Pilot makes emergency landing at Martha's Vineyard Airport
File photo by Lynn Christoffers
The pilot of a chartered, twin-engine Piper Chieftain aircraft, flying from Nantucket to White Plains, New York, with nine passengers on board, smelled what he thought was smoke and made an emergency landing at Martha's Vineyard Airport at about 8 pm on Monday.
The plane landed safely. Airport emergency crews found no sign of fire. Martha's Vineyard Airport manager Sean Flynn said he closed the airport for about 20 minutes.
Airport fire crews, firefighters, and emergency medical technicians from surrounding Island towns responded to the initial call of a strong smell of smoke in the cockpit and a possible fire onboard an airplane. The order to stand down met with considerable relief, Mr. Flynn said.
"The pilot did the correct thing, which was to find the closest airport and land at it," Mr. Flynn told The Times, in a telephone call shortly after 9 pm, Monday. "He landed safely and did a fantastic job. And all is well with the folks that were on the airplane."
Mr. Flynn said the passengers, including one baby, remained calm. There was no evidence of fire in the plane but there was a strong, unidentifiable odor. Mr. Flynn said a mechanic will inspect the plane to try to identify the source of the odor.
"After removing the passengers, the pilot, and the aircraft from the runway where it landed, we inspected the runway and reopened it, and all is well," Mr. Flynn said.
The aircraft was operated by the charter company Fly The Whale, a division of Lima NY Inc., according to a report published in The Inquirer and Mirror.

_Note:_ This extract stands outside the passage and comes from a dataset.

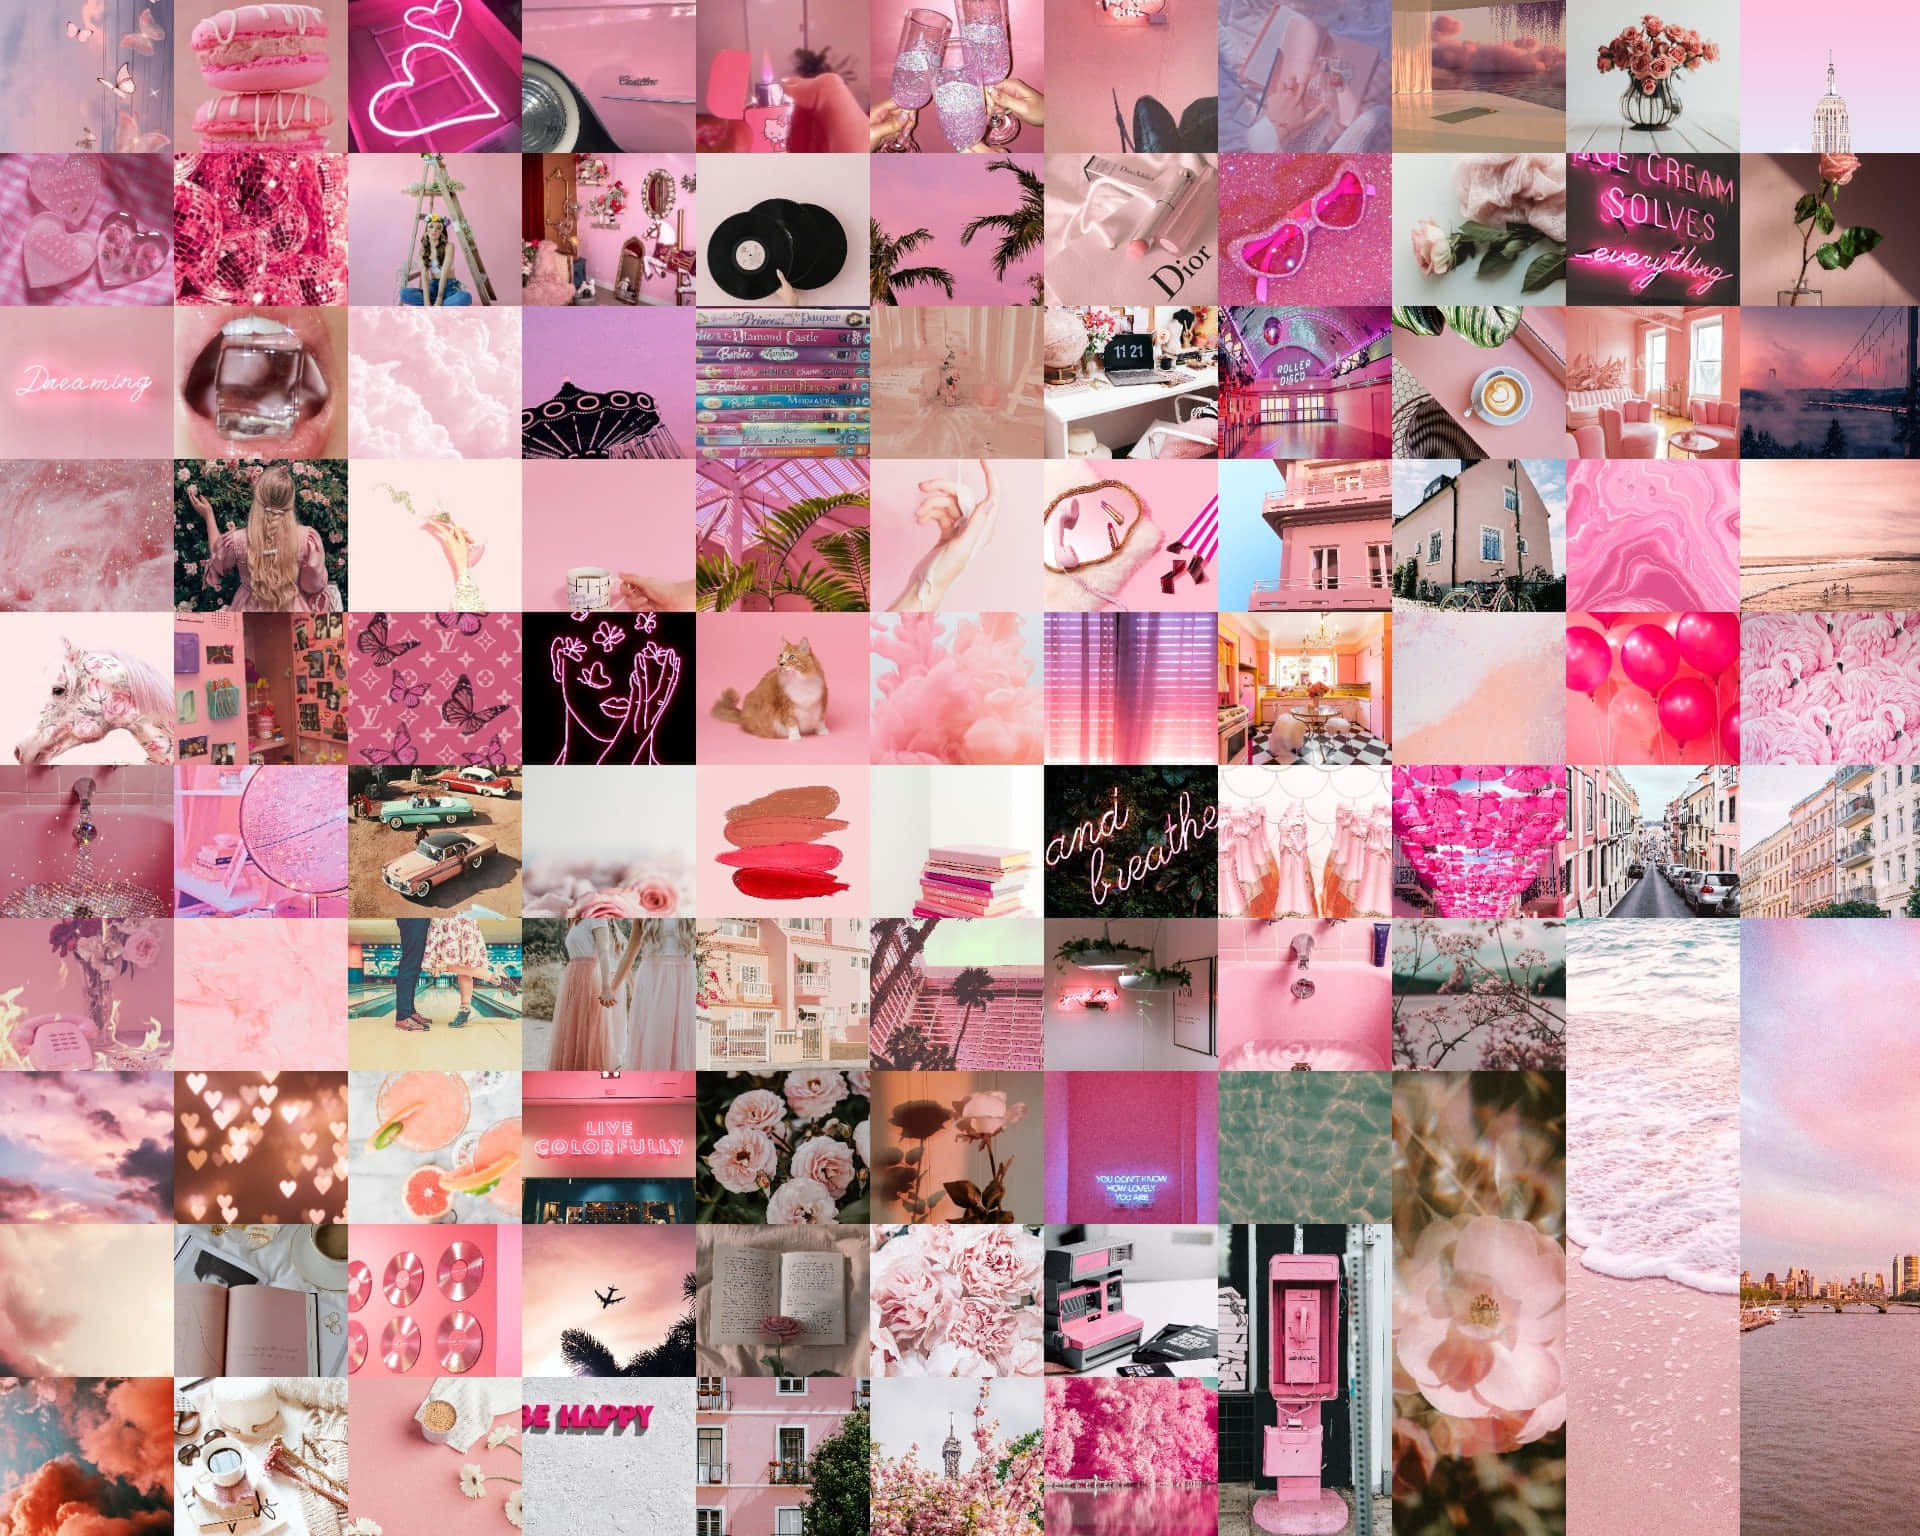 Sfondirosa, Sfondi Rosa, Sfondi Rosa, Sfondi Rosa, Sfondi Rosa, Sfondi Rosa, Sfondi Rosa, Sfondi Rosa Sfondo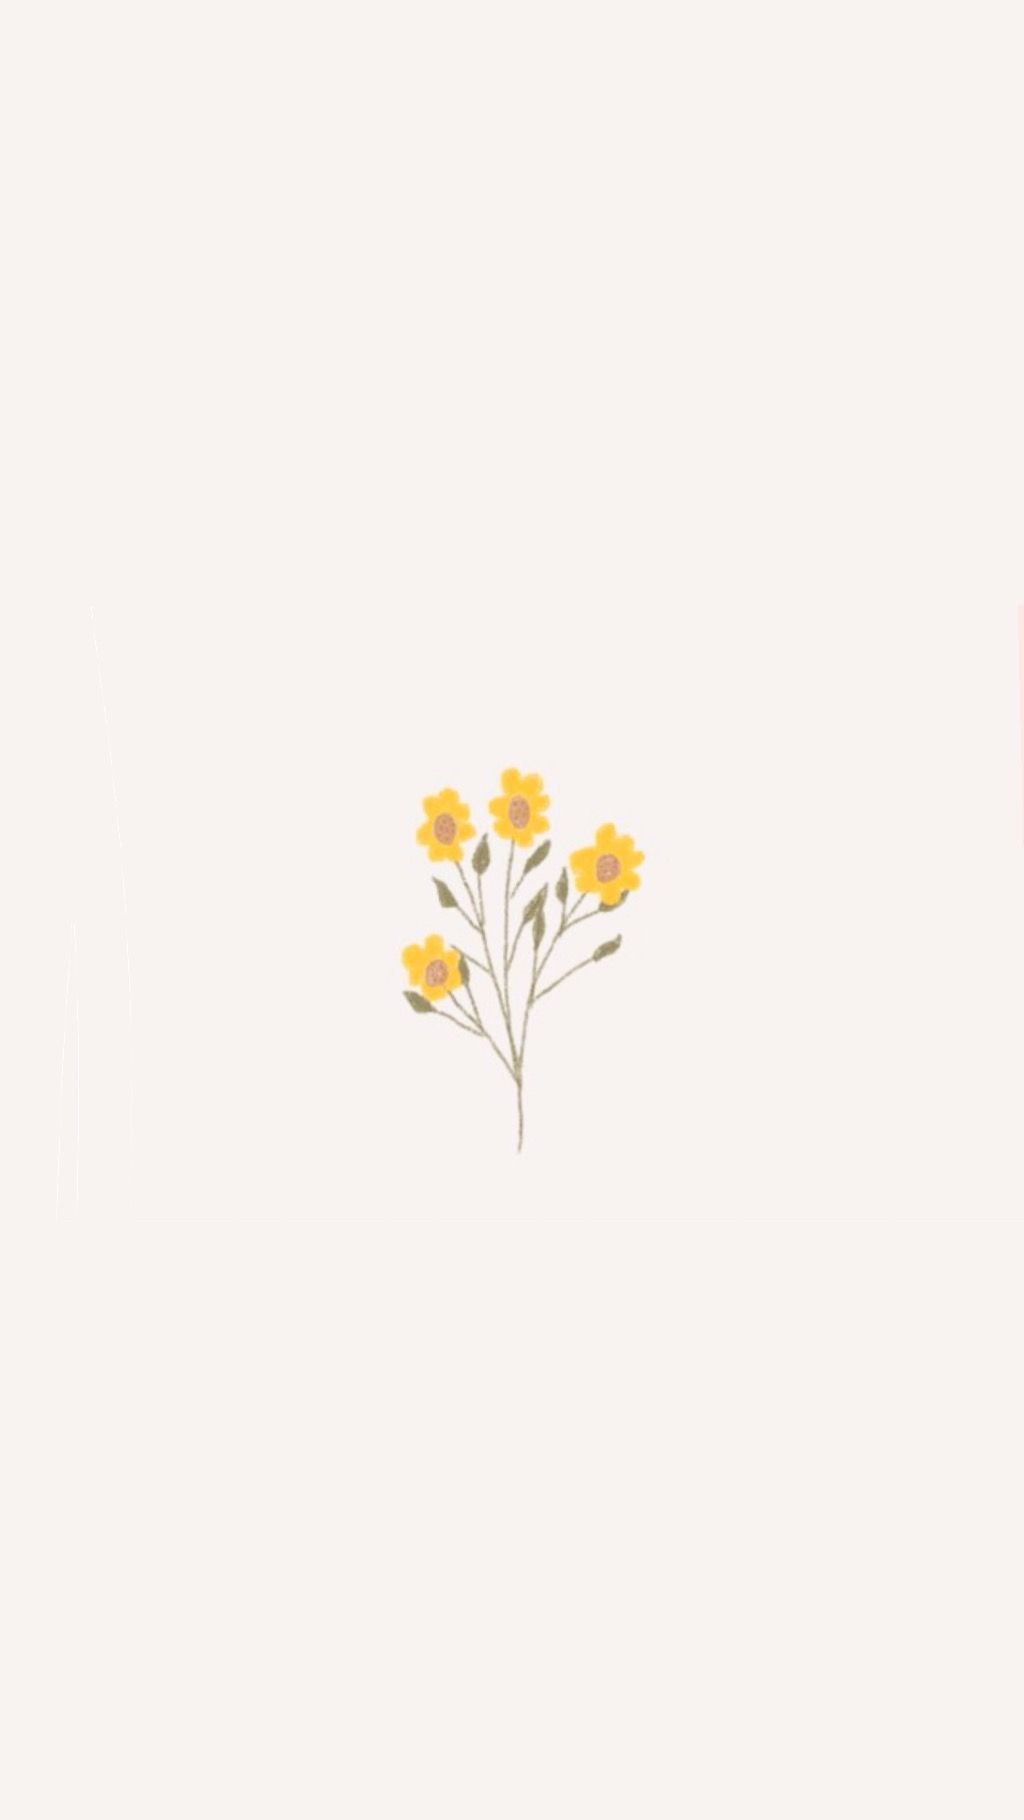 simple flower wallpapers hd

"Our pilot flying a Nantucket to White Plains flight in one of our Piper Chieftains noticed a smell that might have been caused by an electrical issue," Fly The Whale's chief operating officer Michael Siegel told the Nantucket weekly. "He correctly decided to make a precautionary landing at Martha's Vineyard airport. The landing was textbook and uneventful."
A majority of the passengers continued on to White Plains aboard another Fly The Whale aircraft, Mr. Siegel said.
Correction: An earlier online version of this story incorrectly referred to the Piper Chieftain as a twin-engine jet. It is a prop. The photo that accompanied the story pictured the wrong aircraft.